01:54:40.000 It's so important, man, to have fun, fucking cool people in your life.
01:54:44.000 Is that the most important thing in life?
01:54:47.000 It really is, right?
01:54:48.000 More than anything else.
01:54:49.000 Being some rich cunt who's no friends, that's gotta suck bad, man.
01:54:54.000 Being some dude, living in some giant fucking mansion, 14 Ferraris, running sweatshops and shit.

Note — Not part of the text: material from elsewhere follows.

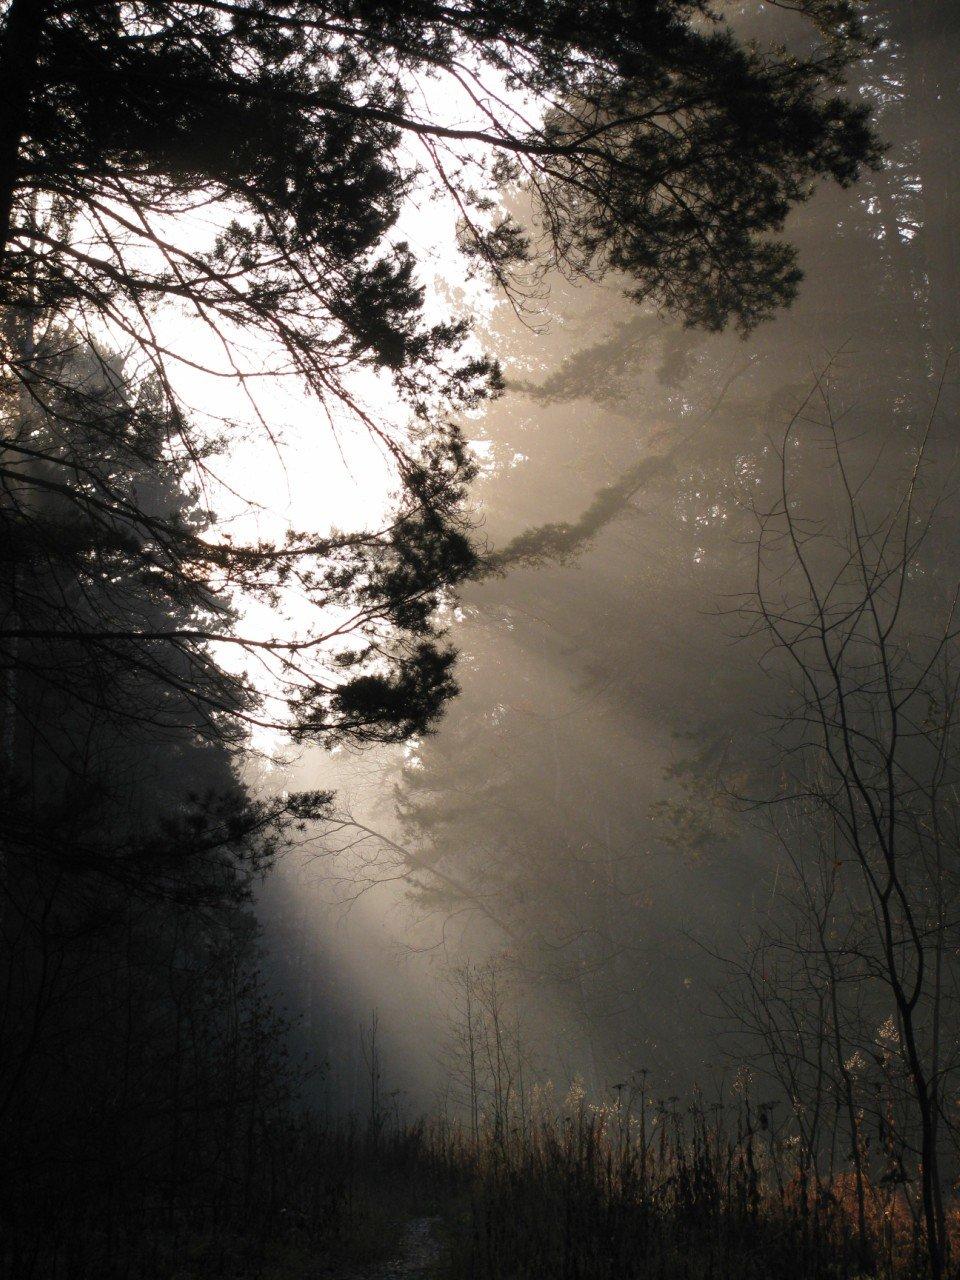 Осень. Утро.#лес #осень #туман #утро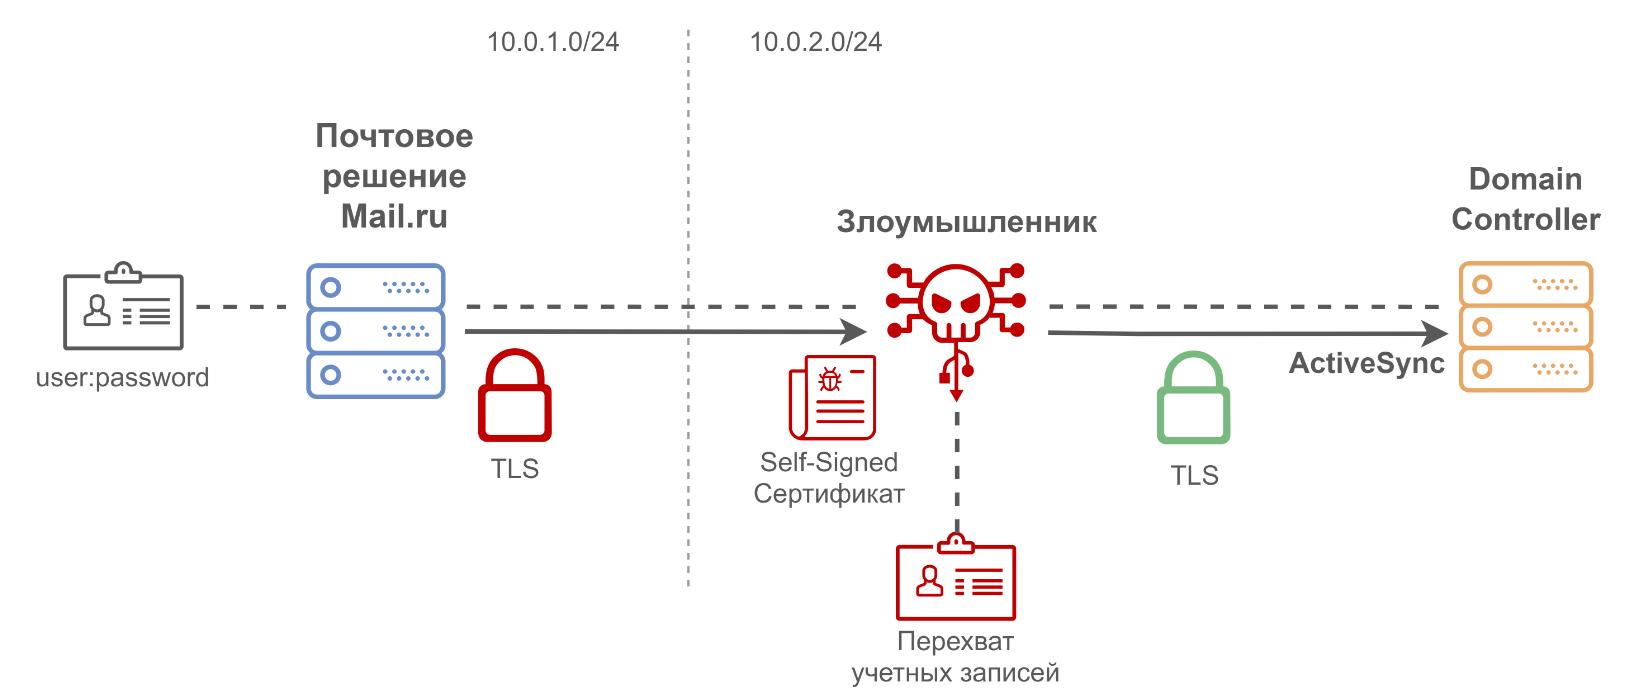 Как мы проводили аудит Корпоративной Почты Mail.ru — нашего нового сервиса для крупного бизнеса - 7

01:55:01.000 Citizen Kane or the social network.
01:55:04.000 It sucks to be rich and by yourself.
01:55:07.000 It's gotta be.
01:55:09.000 What a dumb thing to say.
01:55:11.000 Is it important to have friends?
01:55:12.000 I'm Barney.
01:55:13.000 Hi, kids.
01:55:14.000 I love you.
01:55:16.000 You love me.
01:55:17.000 We're a happy family.
01:55:20.000 That's how you see things.
01:55:21.000 When you have kids, you see everything through the eyes of children's shows.
01:55:23.000 My daughter took a fucking log, a log in her potty the other day that I swear to God looked like Joey Diaz shit in there.
01:55:30.000 I couldn't believe how big it is.
01:55:32.000 It's shocking.
01:55:33.000 I almost took a picture of it, but I just thought that's disrespectful.
01:55:36.000 Put my daughter's shits on Twitter.
01:55:38.000 I just wanted everybody to see it.
01:55:39.000 You need to take a look at this.
01:55:41.000 This doesn't even seem normal.
01:55:42.000 Do I need to go to a doctor?
01:55:43.000 Her shit was like my forearm.
01:55:45.000 Was that her first big shit?
01:55:46.000 No, she takes logs.
01:55:48.000 She's my daughter.
01:55:49.000 She's a little savage.
01:55:51.000 She's fucking eating meat and shit.
01:55:53.000 I bought venison jerky and she just tears into this shit.
01:55:57.000 She's just chewing up venison jerky.
01:55:59.000 It's really weird, man.
01:56:00.000 You know, you look at little babies, like the newest baby, Baby Rogan No.
01:56:03.000 2, she's almost nine months old.
01:56:06.000 And when she gets food, it doesn't matter.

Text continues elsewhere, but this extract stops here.